WHAT TO WORK ON:
Would you repeat each line below exactly, without the pictures?
***** PROVIDED DATA *****
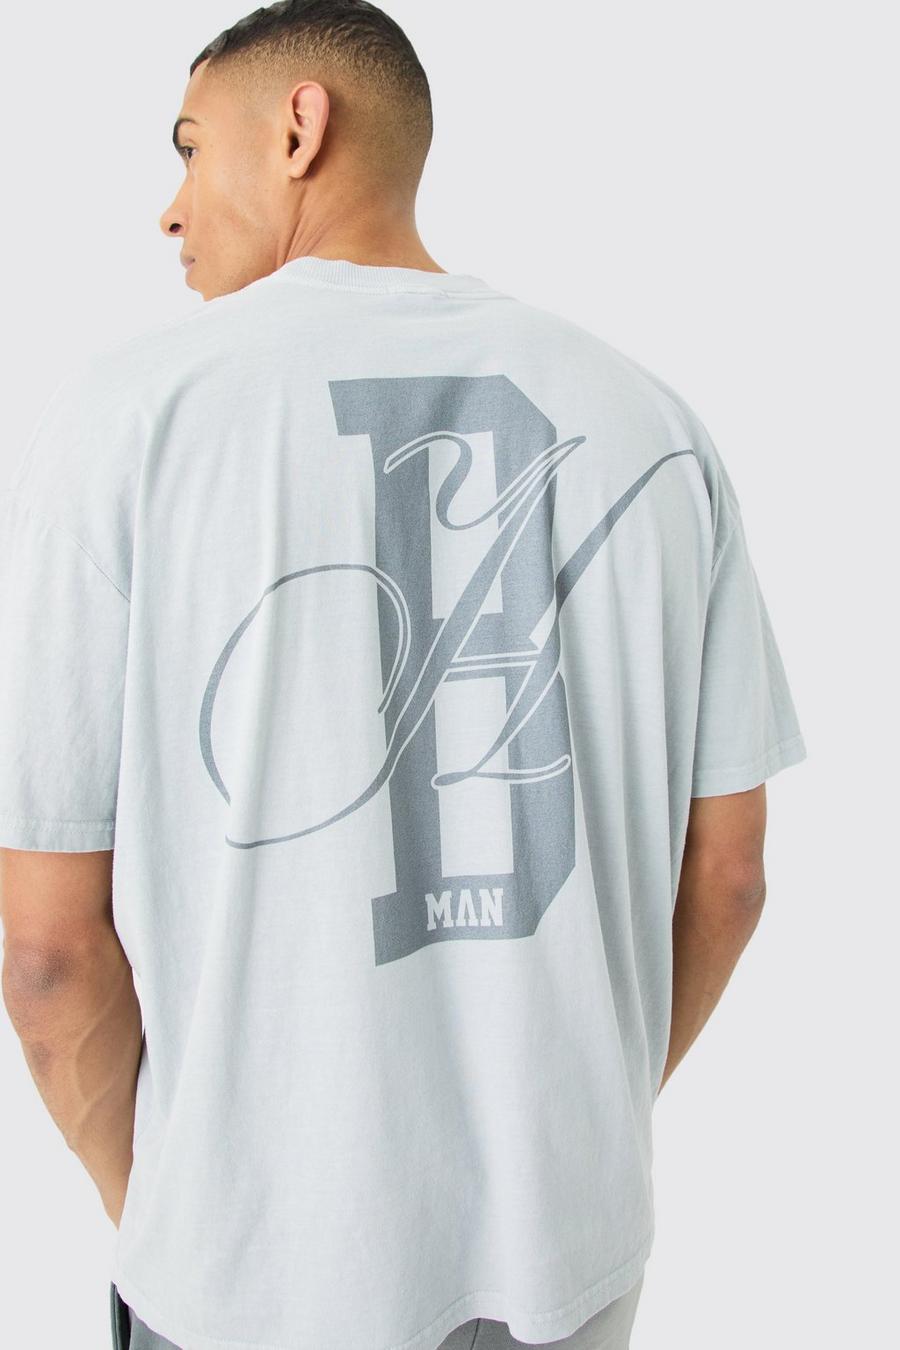 T-shirt oversize délavé - MAN, Light grey
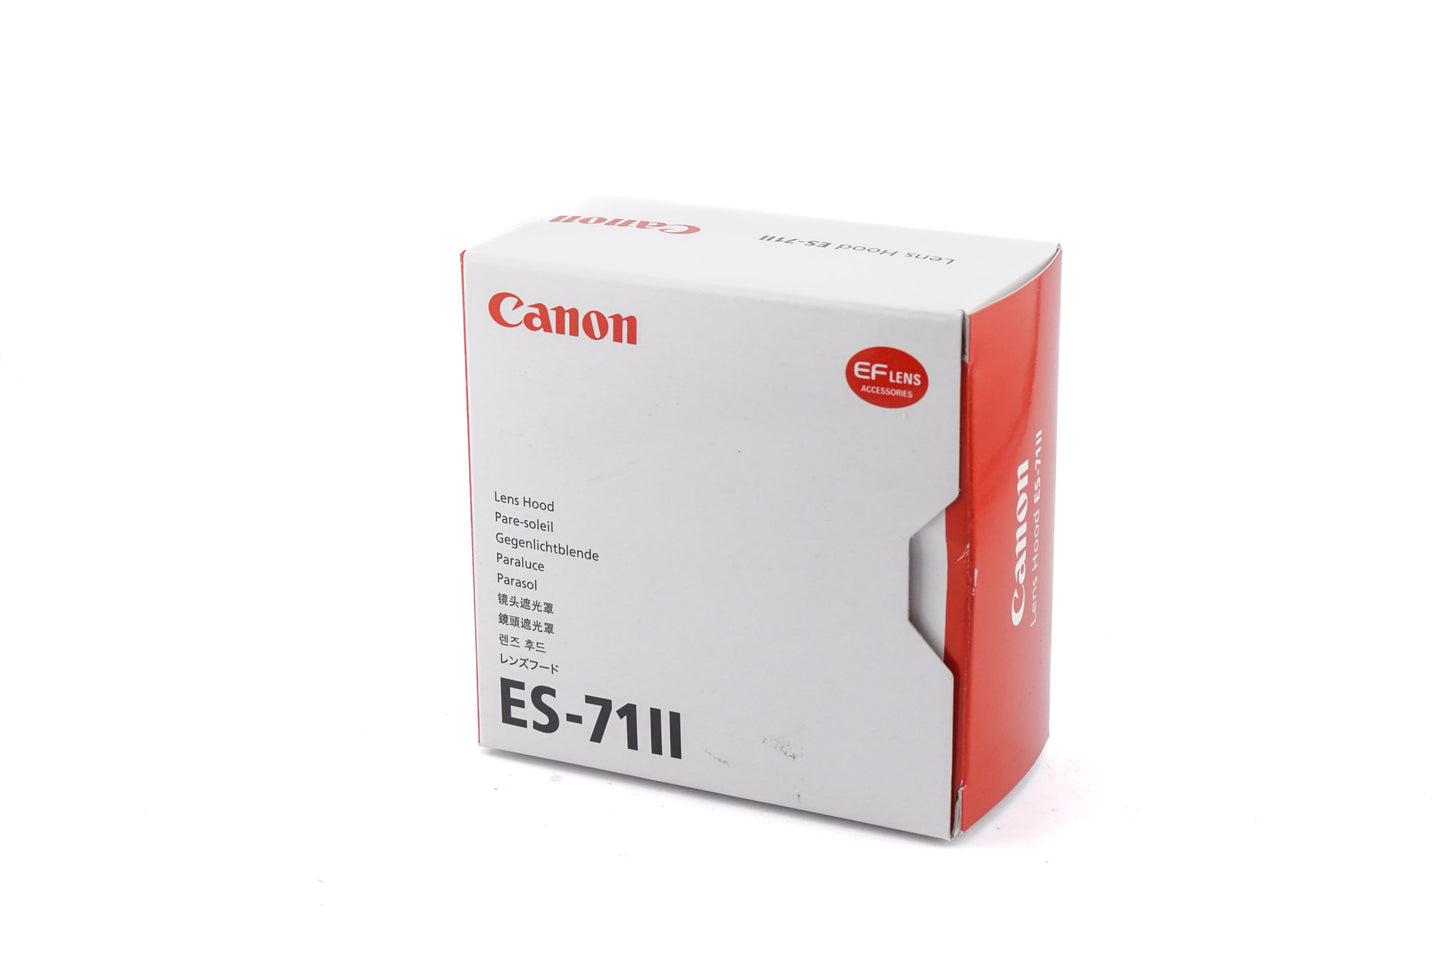 Canon ES-71II Lens Hood
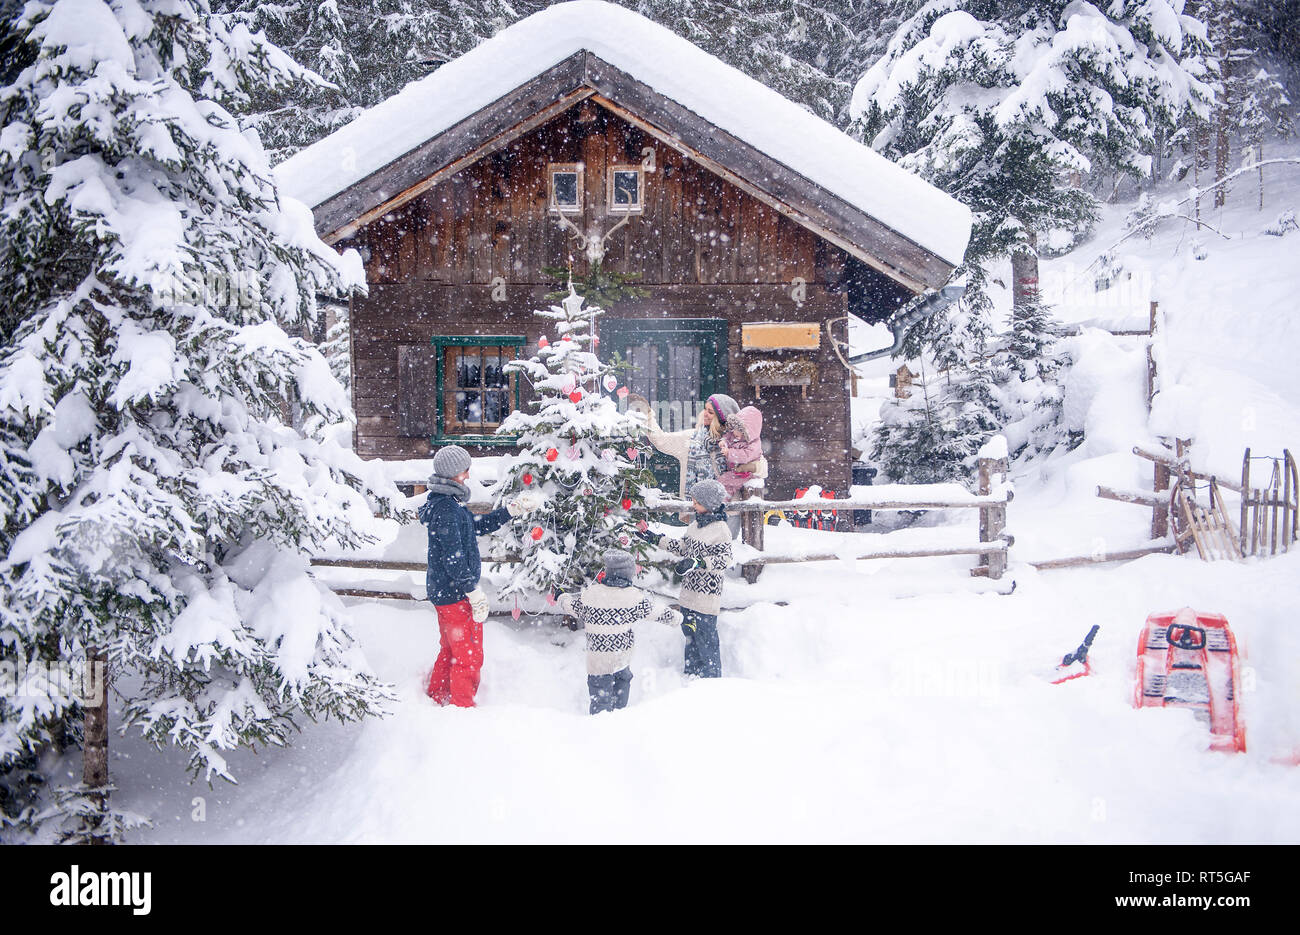 Austria, Altenmarkt-Zauchensee, family decorating Christmas tree at wooden house Stock Photo
*****
RESPONSE BELOW:
 T-shirt oversize délavé - MAN, Light grey
 Canon ES-71II Lens Hood
 Austria, Altenmarkt-Zauchensee, family decorating Christmas tree at wooden house Stock Photo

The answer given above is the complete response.